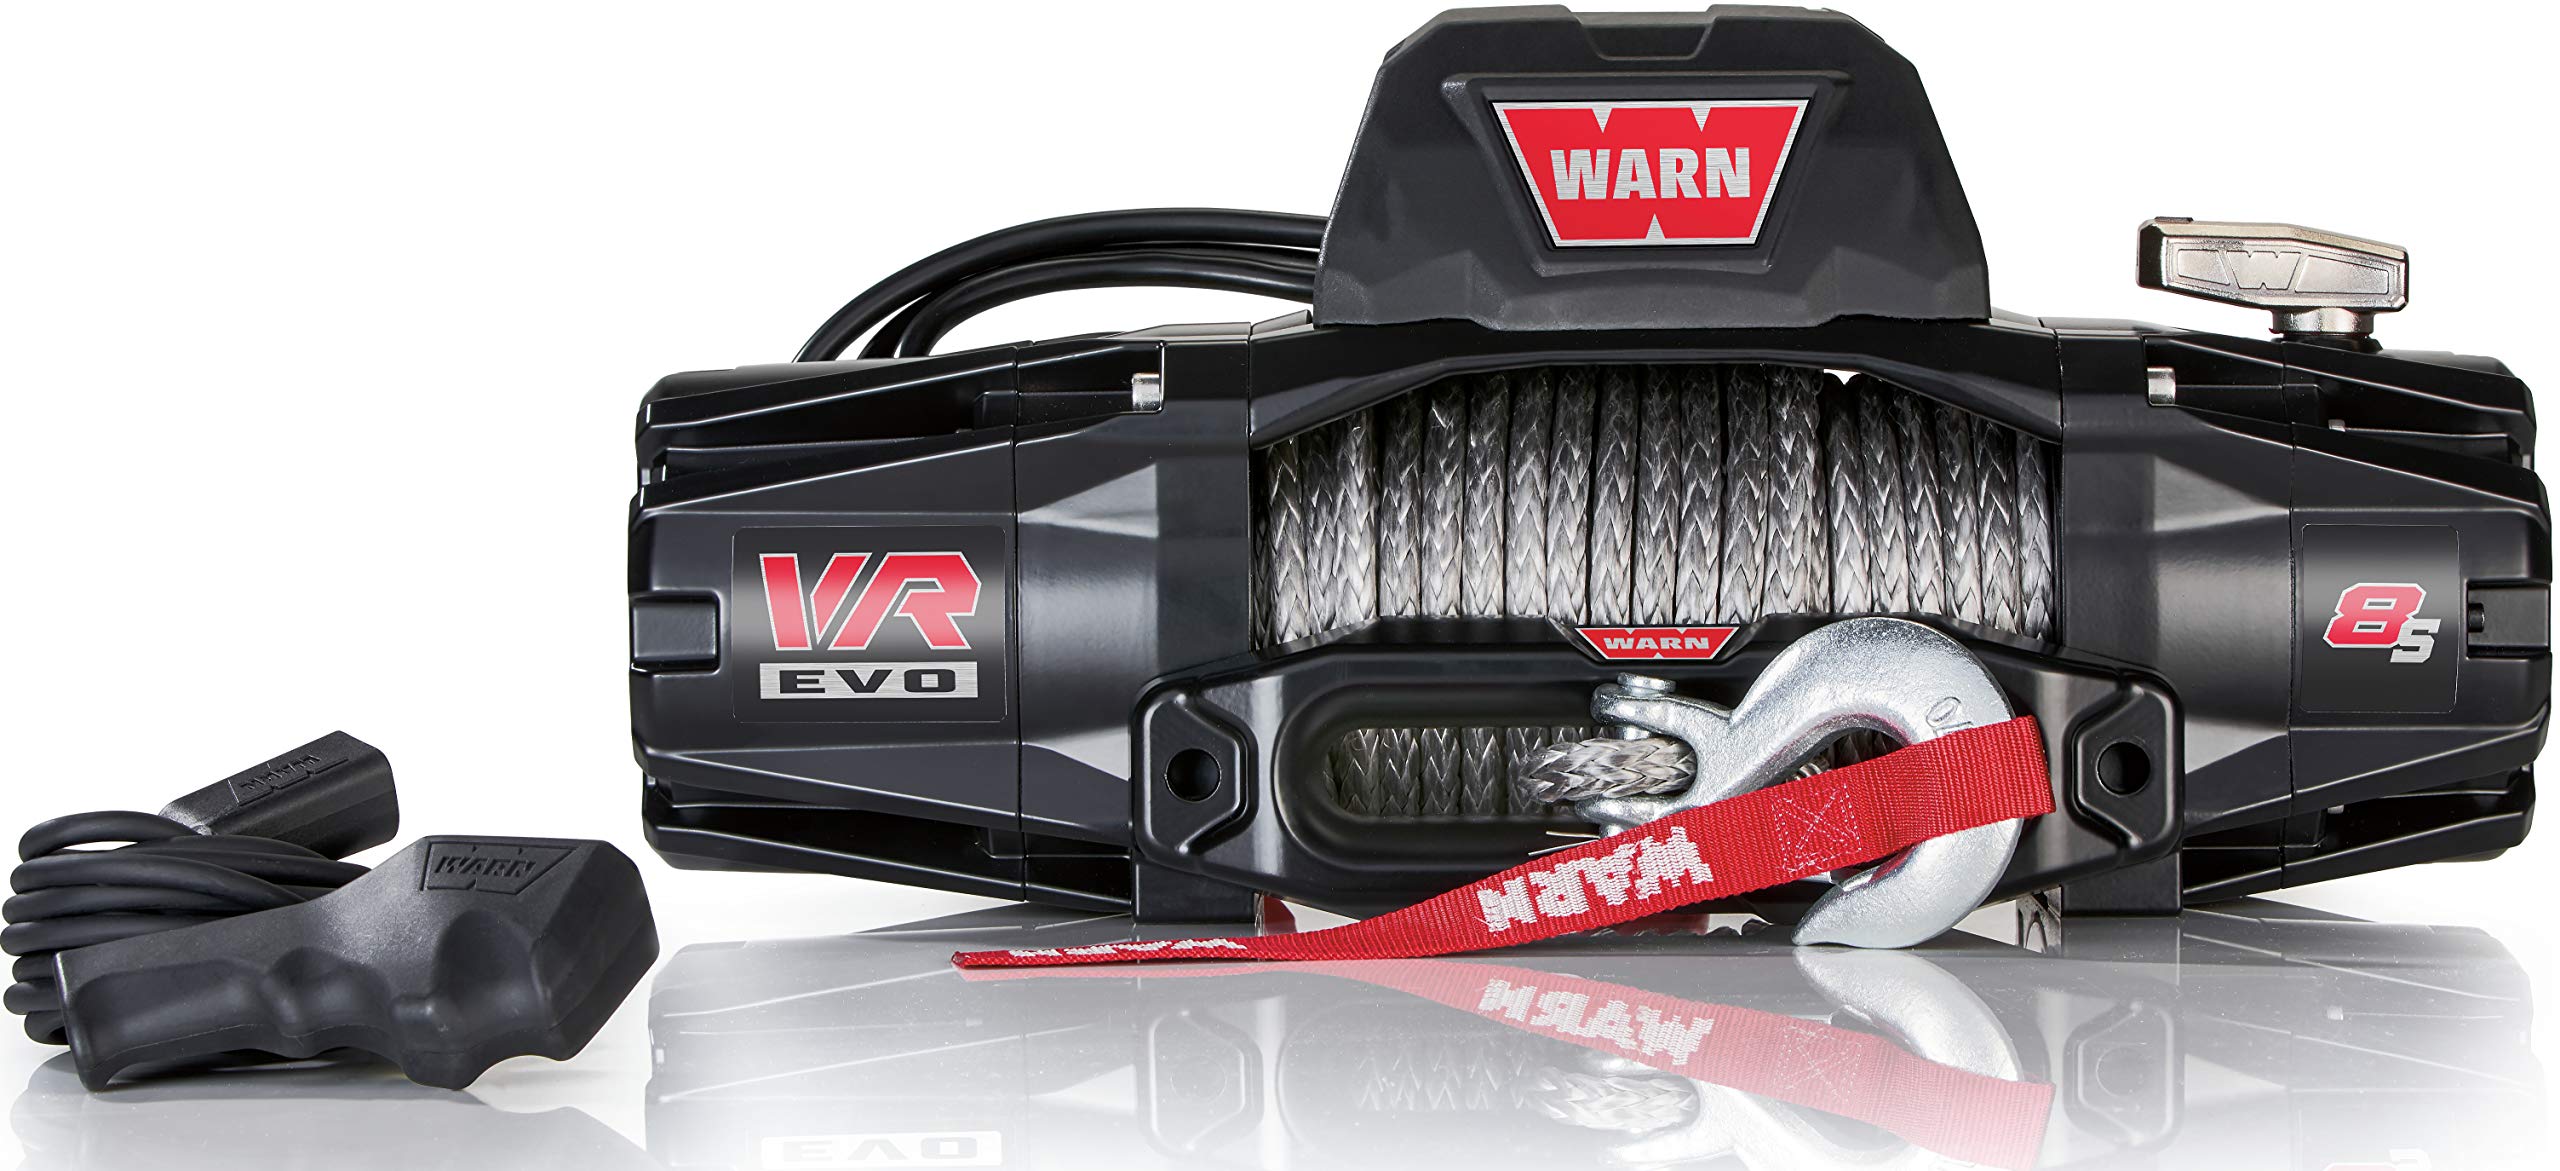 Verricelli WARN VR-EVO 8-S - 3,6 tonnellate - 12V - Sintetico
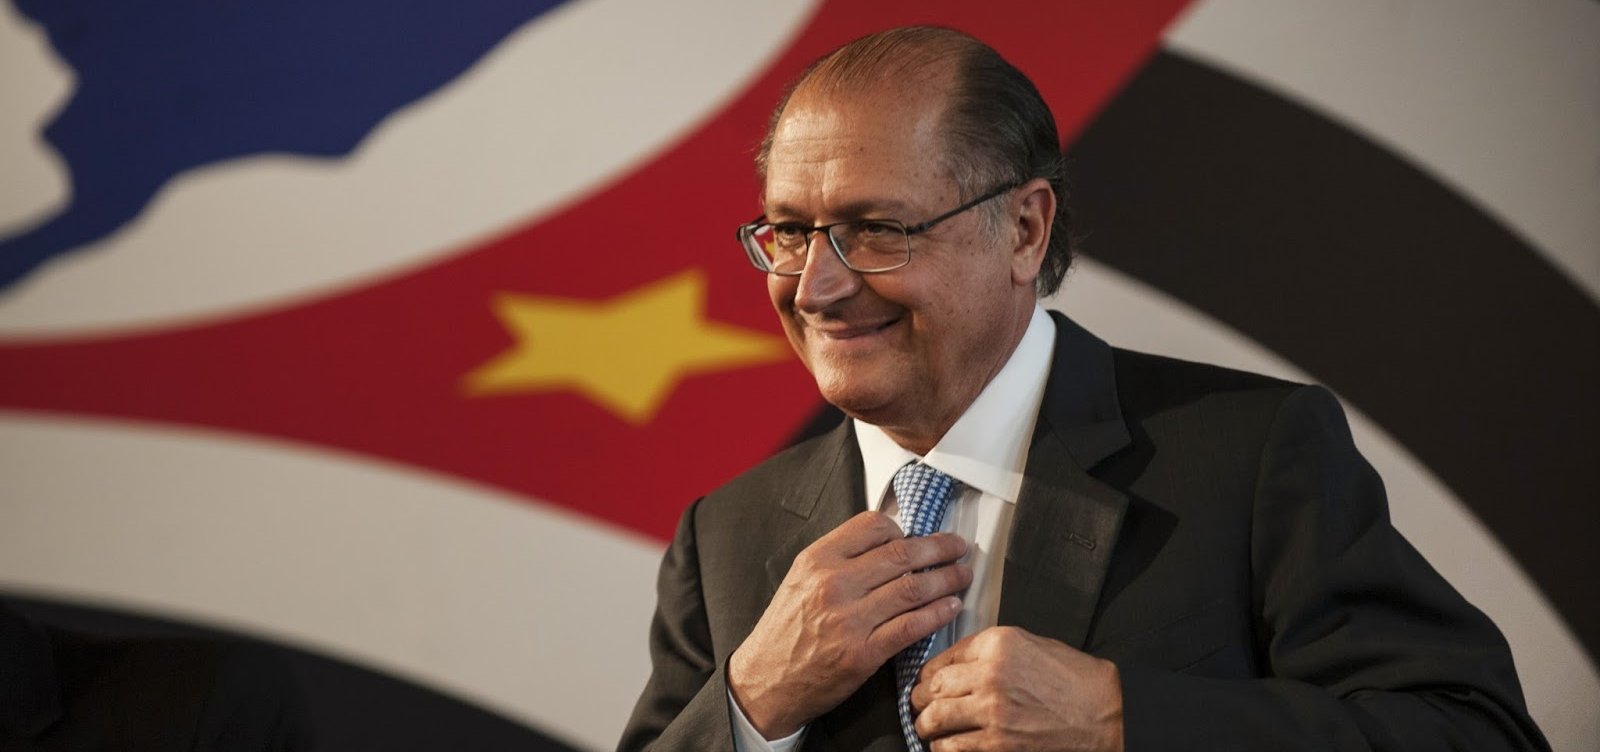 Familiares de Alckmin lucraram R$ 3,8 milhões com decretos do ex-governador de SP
==
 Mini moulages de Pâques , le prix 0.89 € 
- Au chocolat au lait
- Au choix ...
---
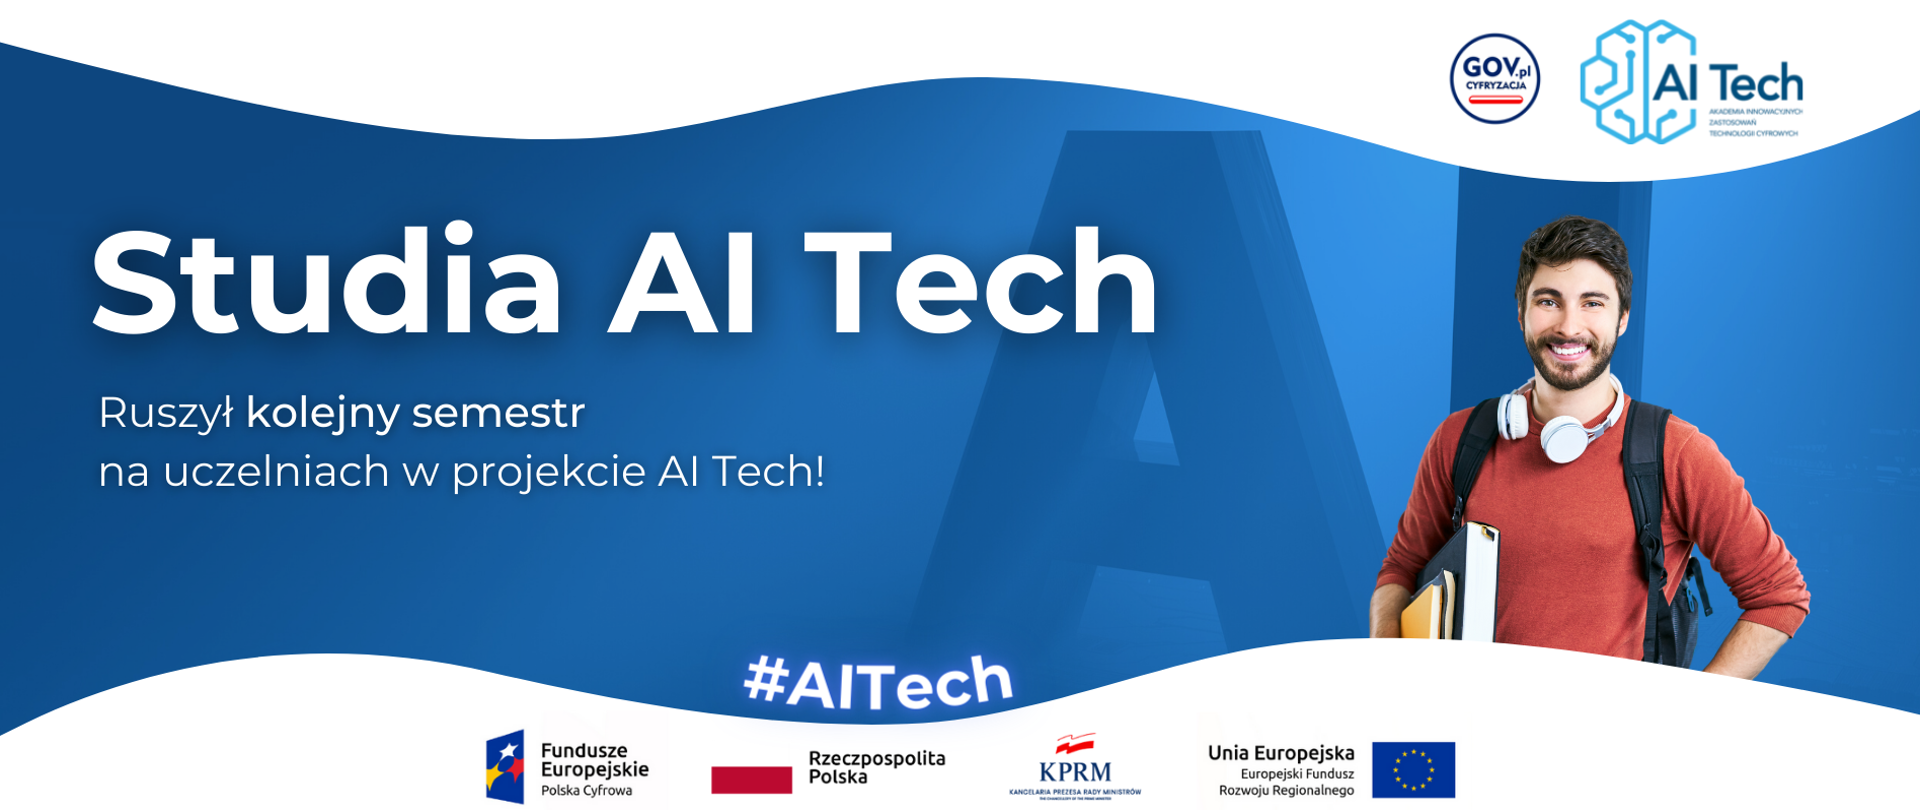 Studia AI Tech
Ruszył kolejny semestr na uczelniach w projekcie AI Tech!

### Brief
Reproduce word for word the material above, beginning with the line that contains "Mini moulages de Pâques , le prix 0.89 €" and ending with the line that contains "- Au choix ...".

### Output
 Mini moulages de Pâques , le prix 0.89 € 
- Au chocolat au lait
- Au choix ...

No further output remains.